= EXERCISE DATA =
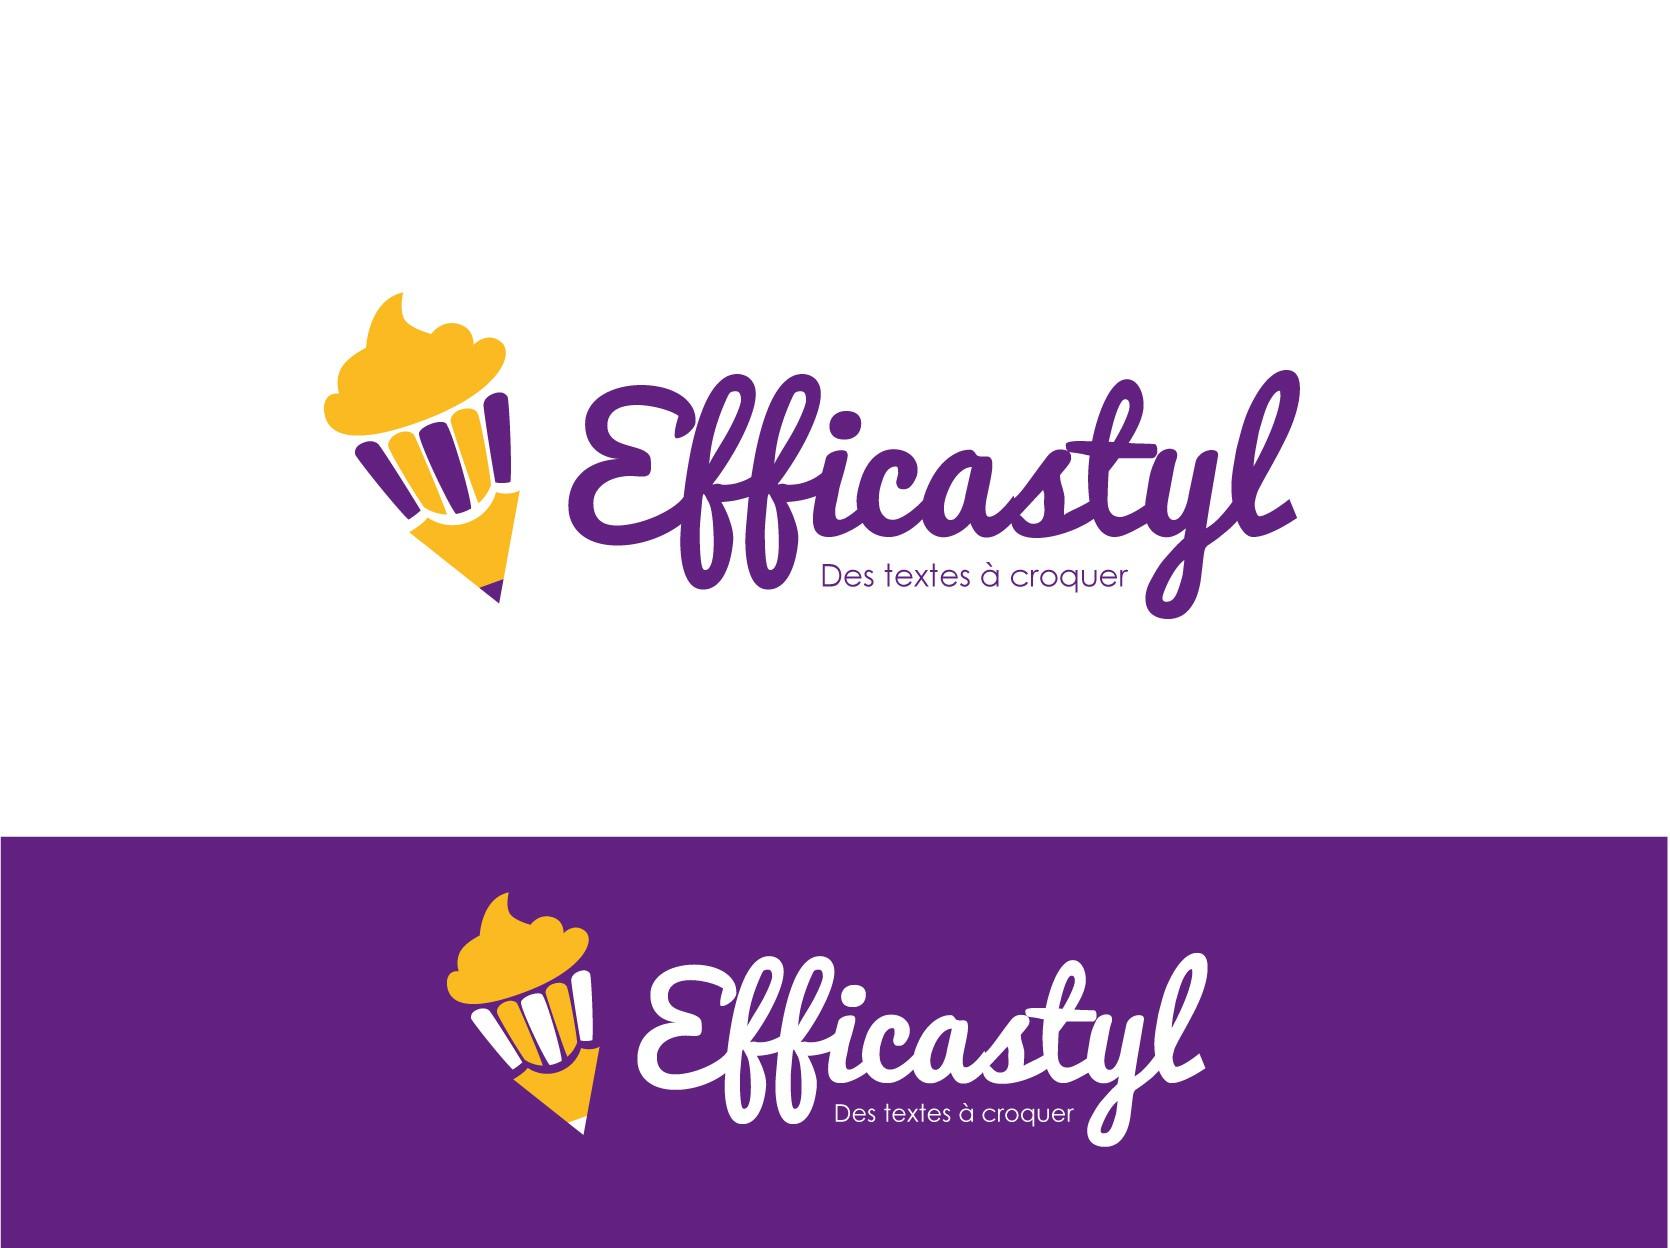 Création d'un logo pour une entreprise de rédaction gourmande !
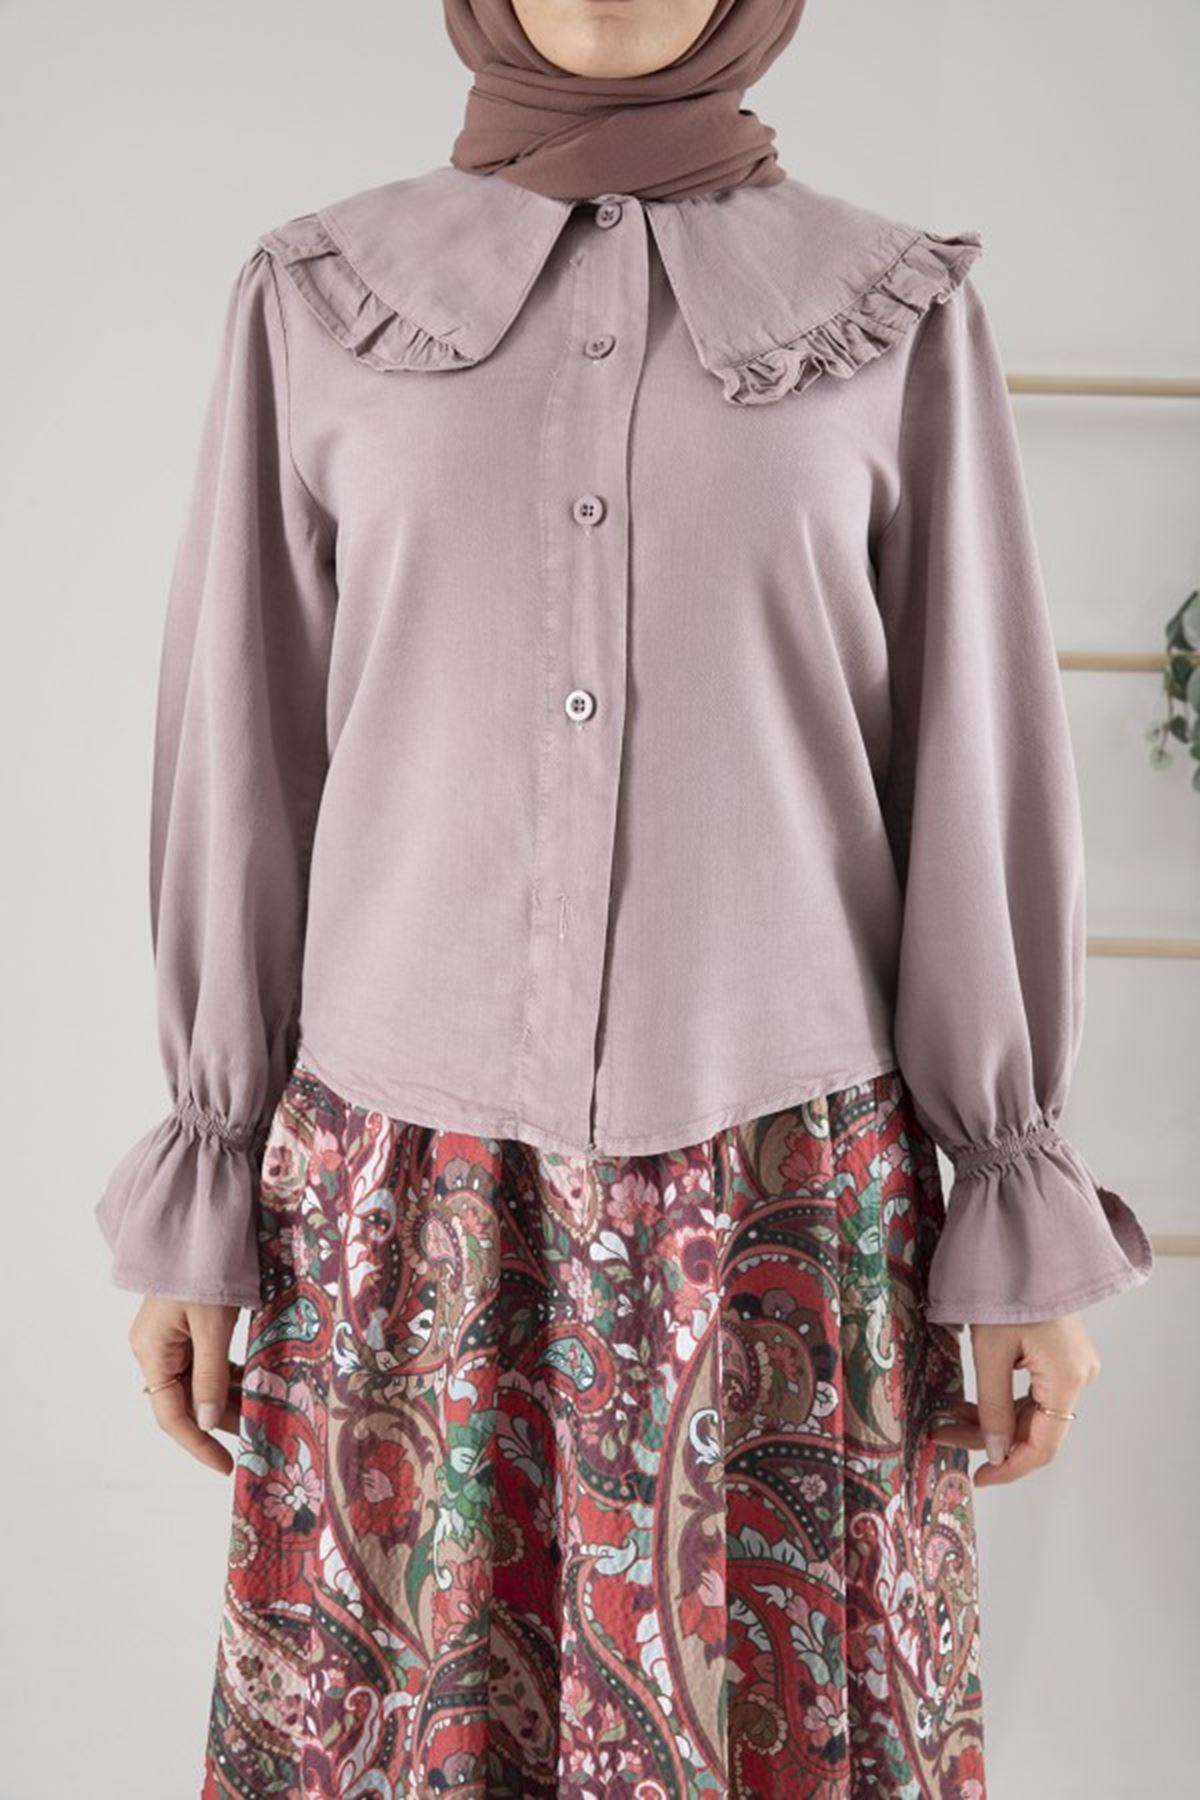 Kadın Bebe Yaka Kol Büzgülü Tensel Bluz - Lila
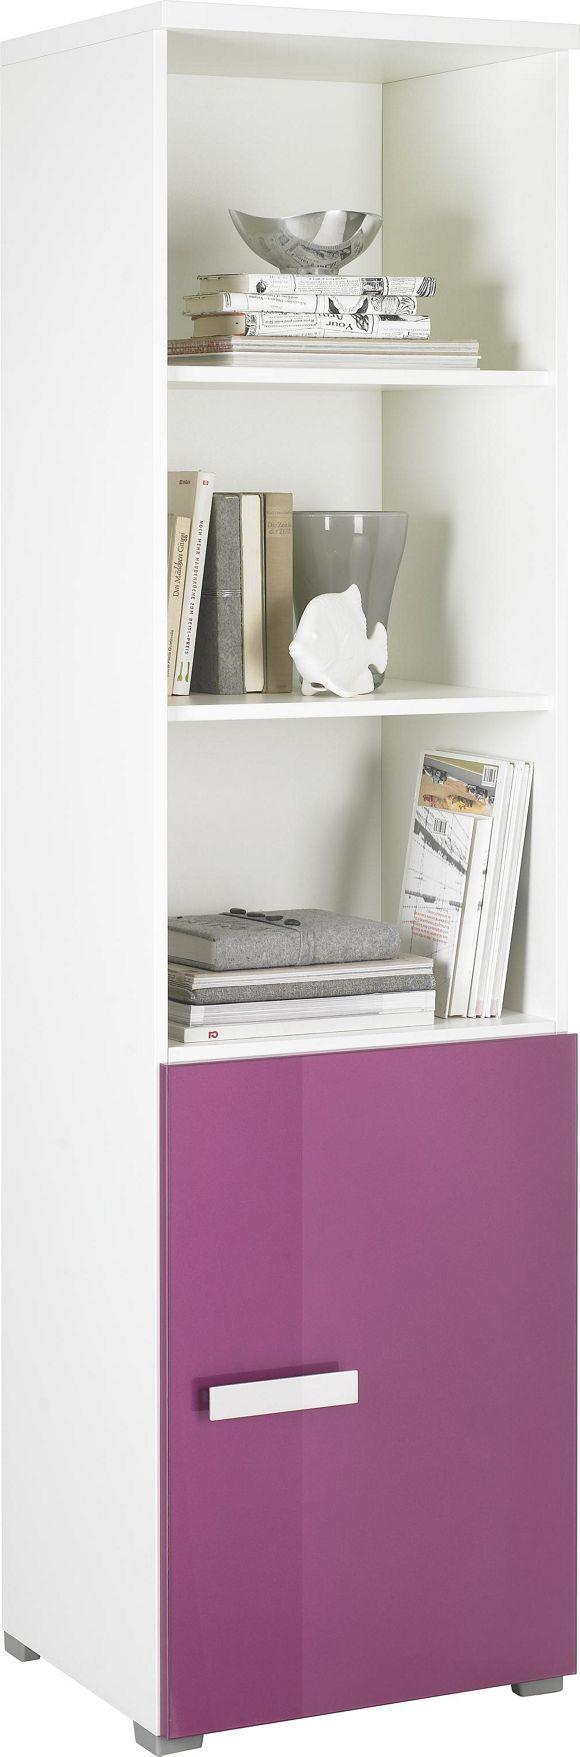 """Zusätzlichen Platz in Ihren vier Wänden schenkt Ihnen dieses Regal aus der Serie """"Change Plus"""". Das Möbel aus robustem Holzwerkstoff ist in einem angenehmen Weiß gehalten. Die Tür in Lila hebt sich gekonnt von dem Korpus ab und setzt einen originellen Akzent. Auf 3 Einlegeböden bringen Sie Bücher und Deko, wie etwa Bilderrahmen oder Skulpturen, unter. Die Tür schützt Ihre Lieblingsfotoalben oder wichtige Dokumente zuverlässig. Ein Regal, das Ihre stilgerechte Wohne"""

= PROBLEM TO WORK ON =
The answer should match the data above word for word, with no pictures in it.

= RESPONSE =
 Création d'un logo pour une entreprise de rédaction gourmande !
 Kadın Bebe Yaka Kol Büzgülü Tensel Bluz - Lila
 """Zusätzlichen Platz in Ihren vier Wänden schenkt Ihnen dieses Regal aus der Serie """"Change Plus"""". Das Möbel aus robustem Holzwerkstoff ist in einem angenehmen Weiß gehalten. Die Tür in Lila hebt sich gekonnt von dem Korpus ab und setzt einen originellen Akzent. Auf 3 Einlegeböden bringen Sie Bücher und Deko, wie etwa Bilderrahmen oder Skulpturen, unter. Die Tür schützt Ihre Lieblingsfotoalben oder wichtige Dokumente zuverlässig. Ein Regal, das Ihre stilgerechte Wohne"""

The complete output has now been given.